* [Supplied information]
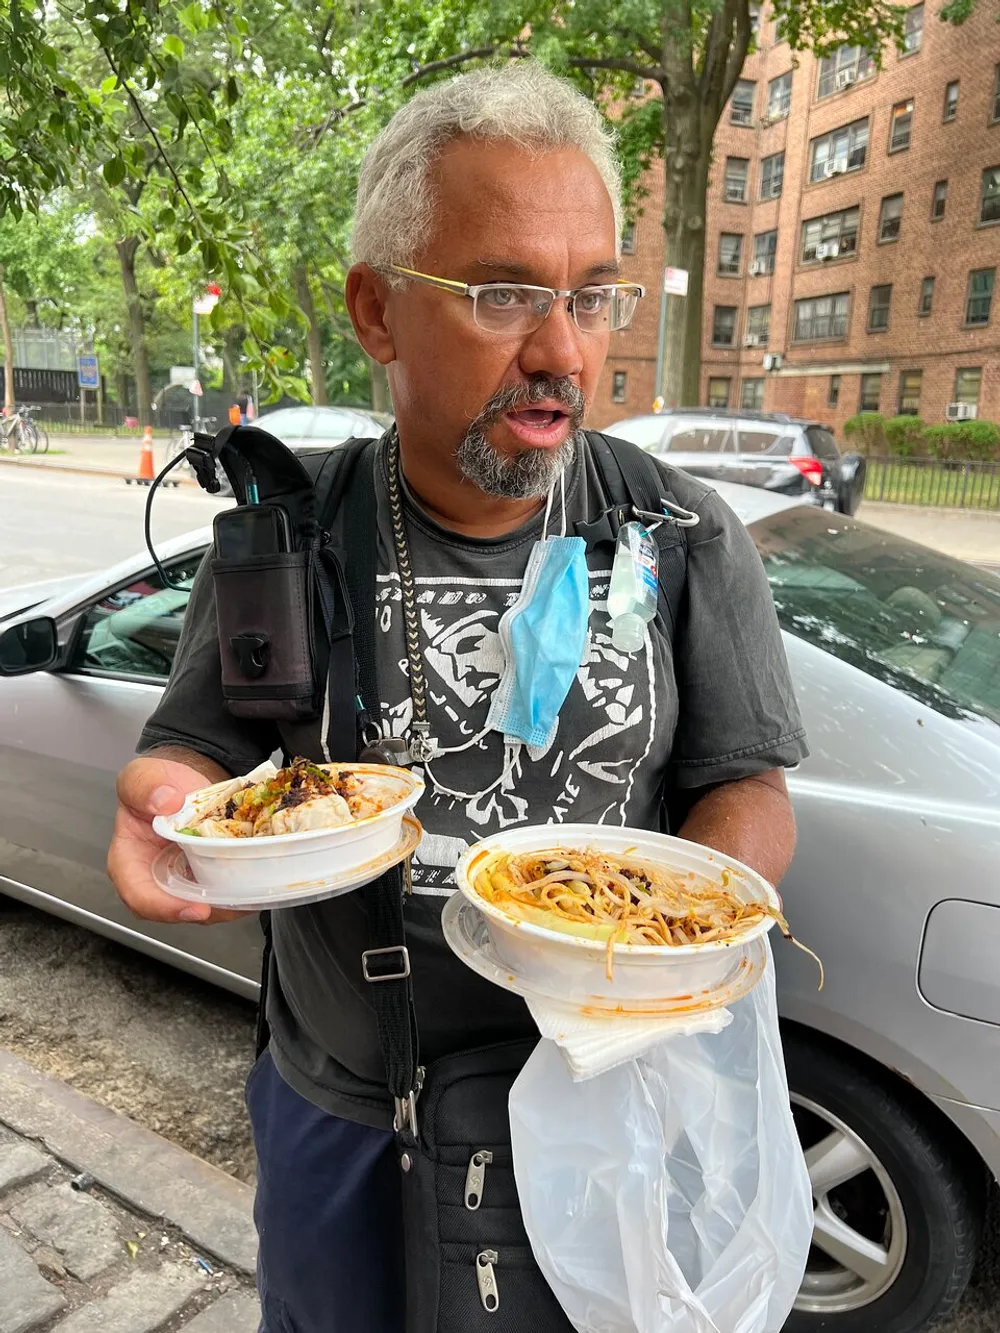 A man with glasses and a face mask dangling from his ear looks surprised while holding two plates of food outdoors
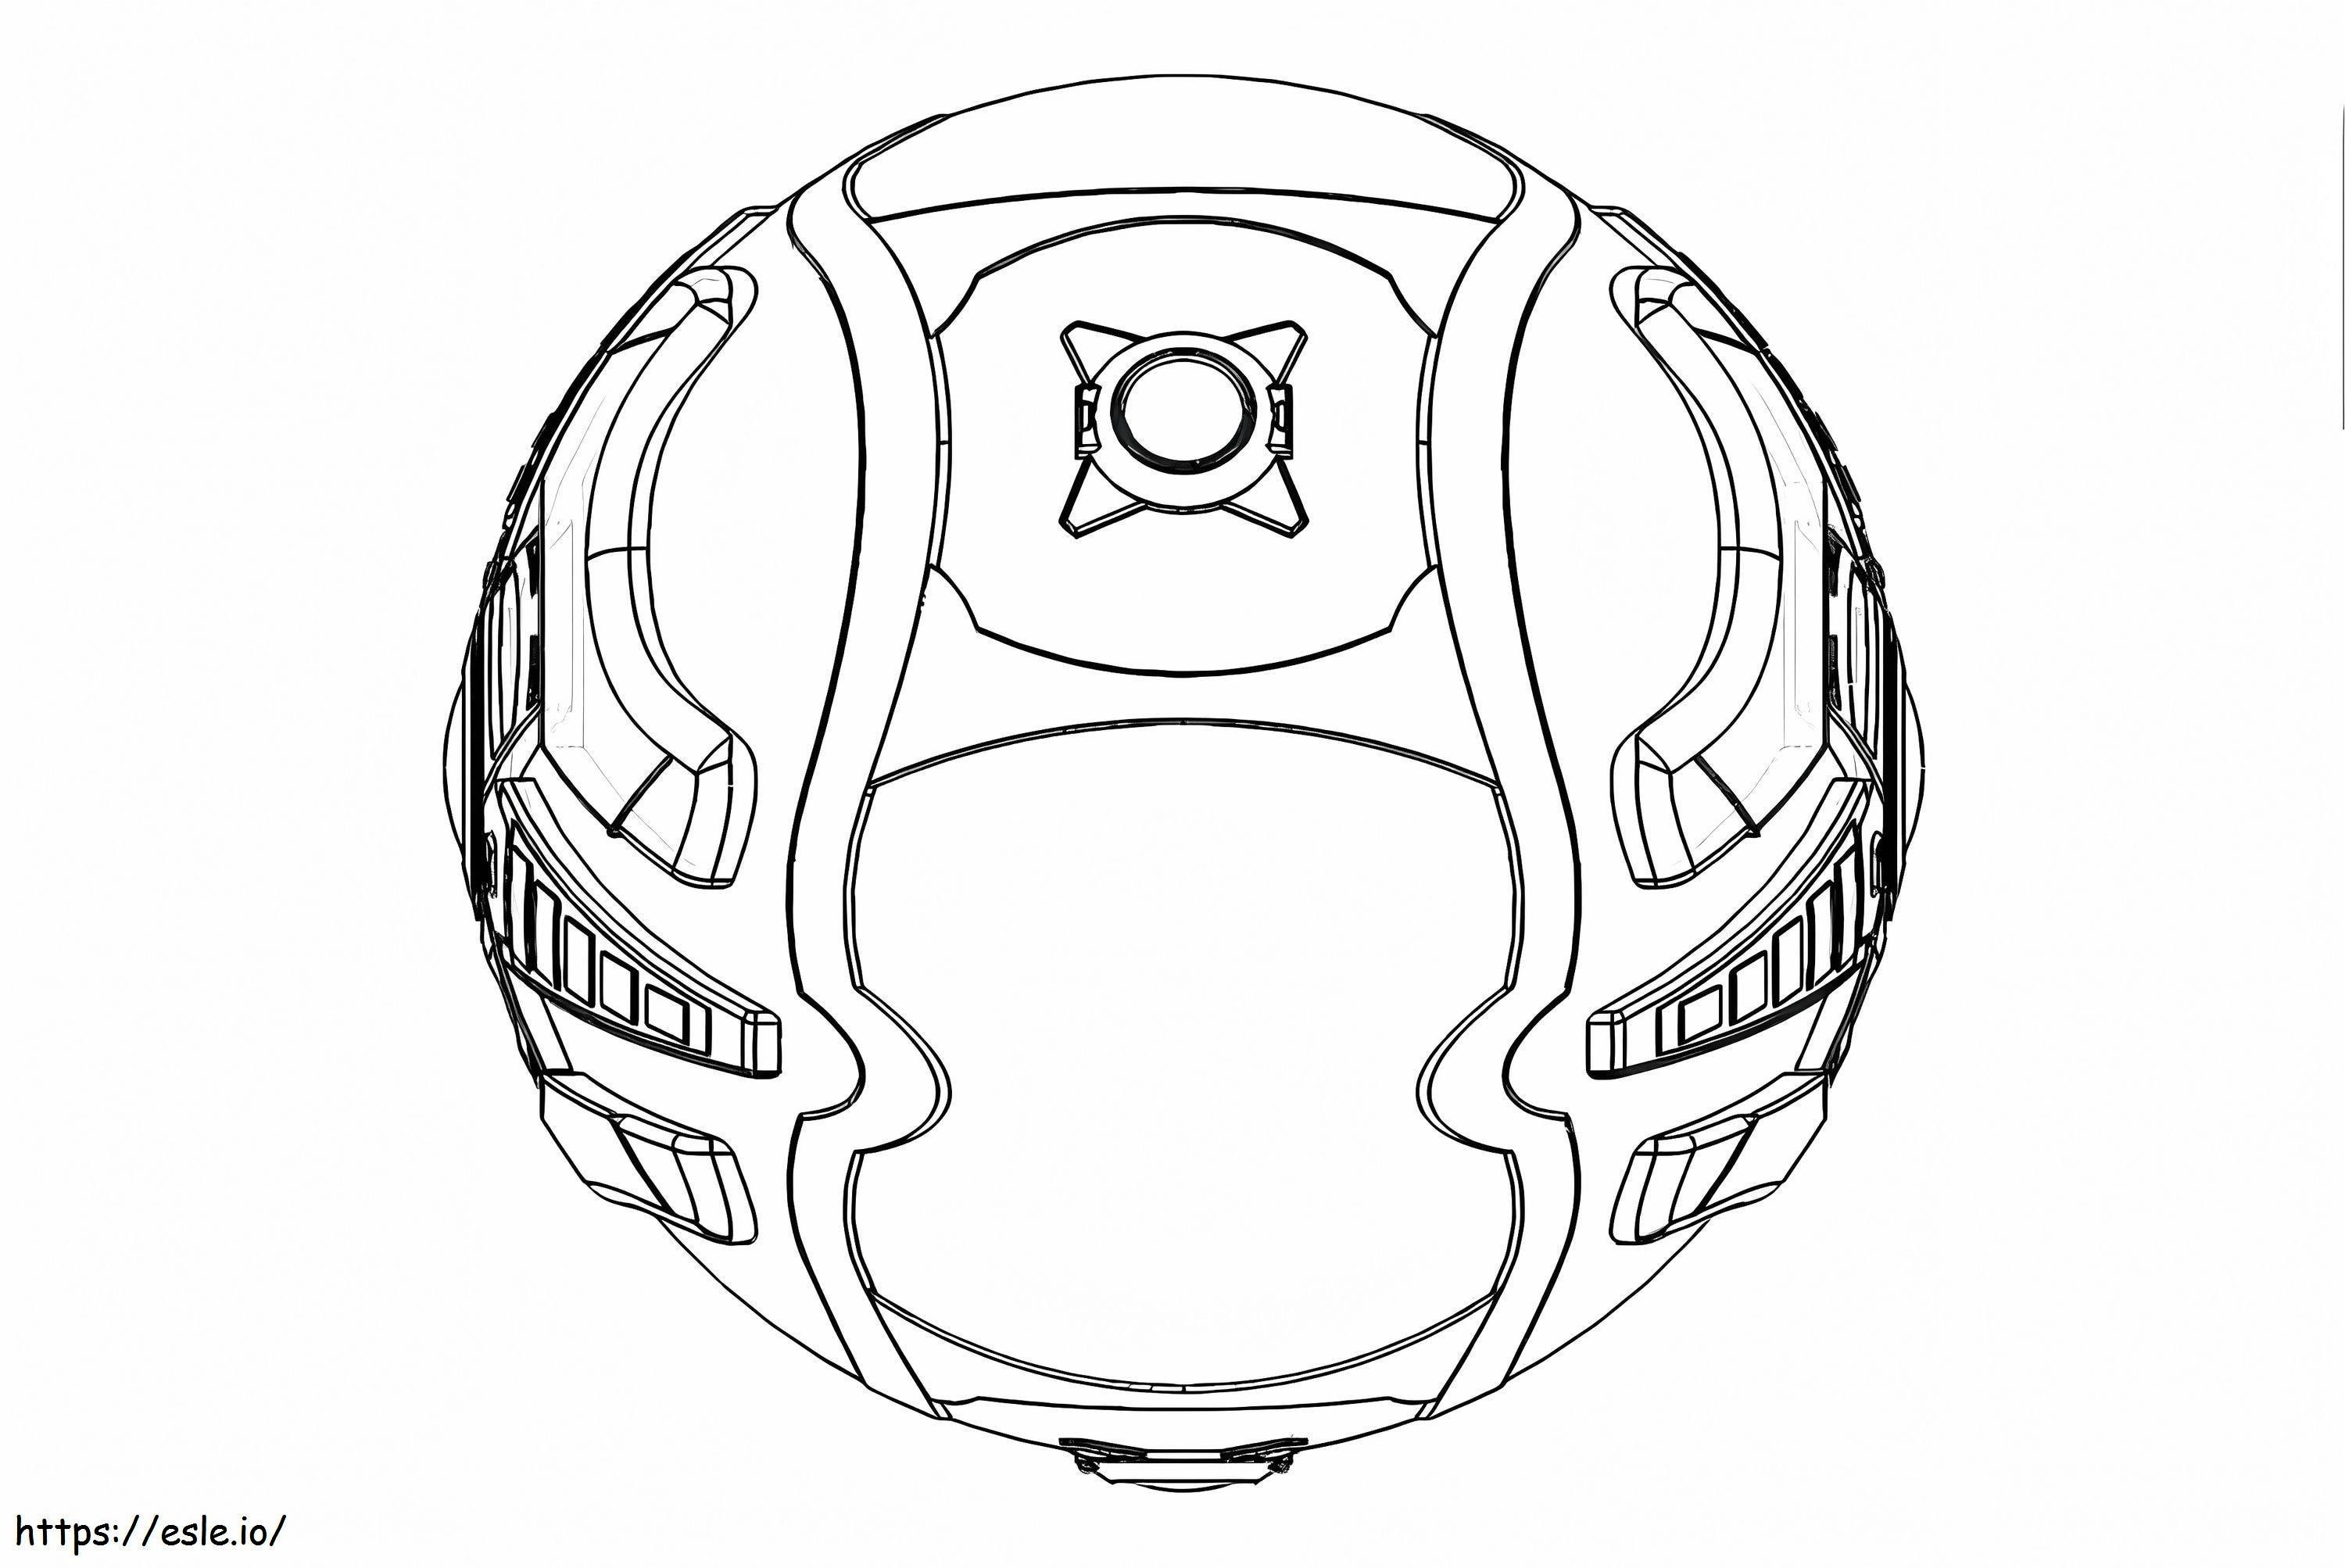 Rocket League Ball coloring page
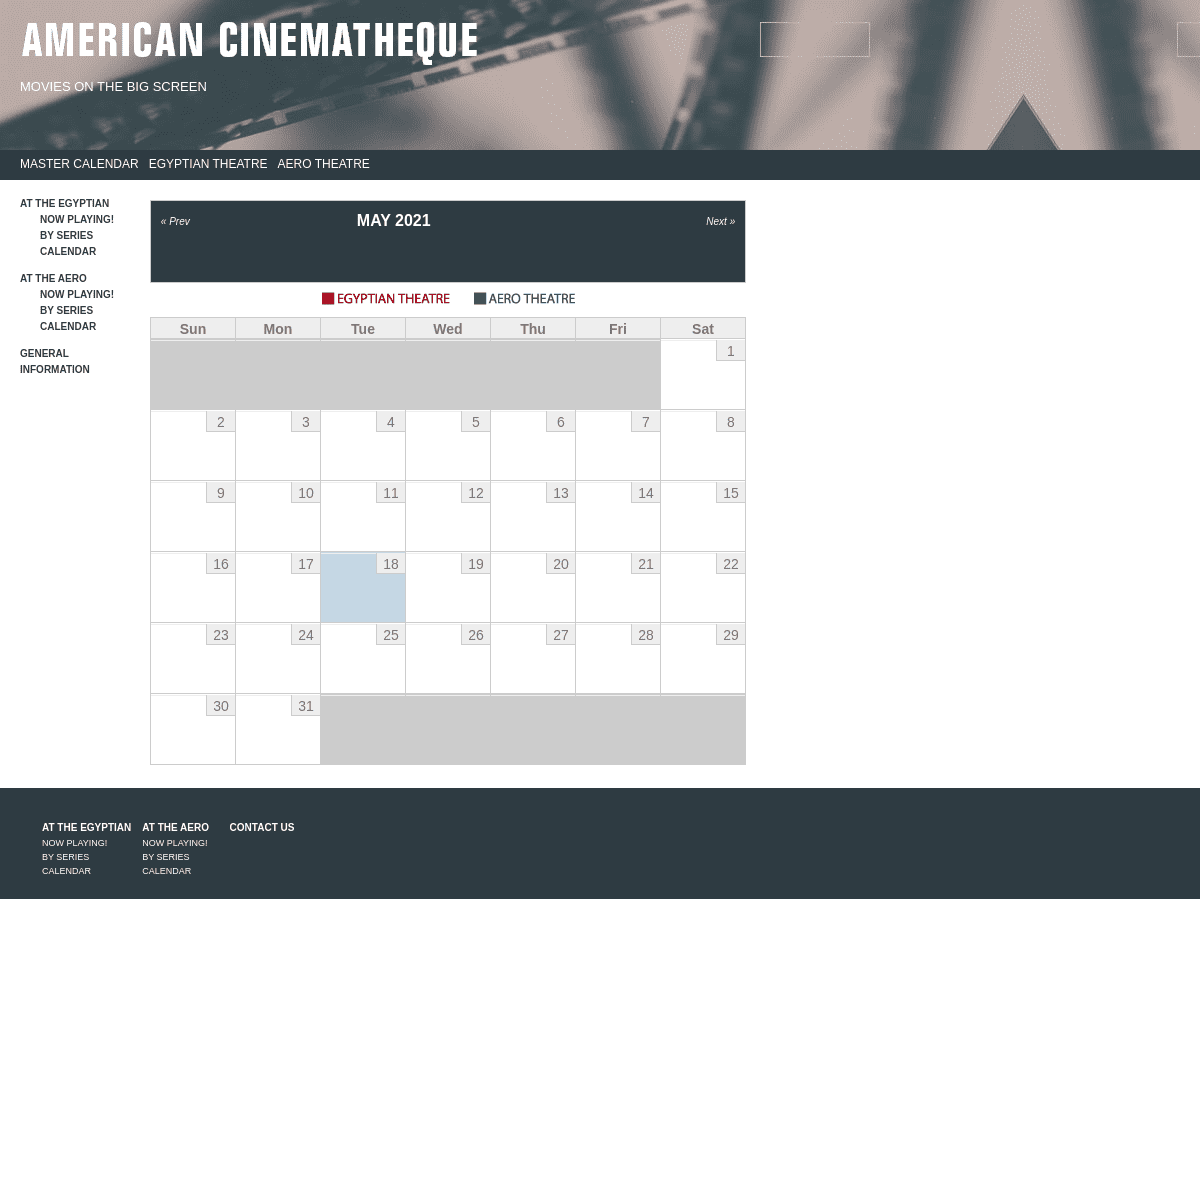 A complete backup of https://americancinemathequecalendar.com

* [Task to carry out] Set the pictures aside and transcribe the data above exactly.

* [Task response]
 A man with glasses and a face mask dangling from his ear looks surprised while holding two plates of food outdoors
 Rocket League Ball coloring page
 A complete backup of https://americancinemathequecalendar.com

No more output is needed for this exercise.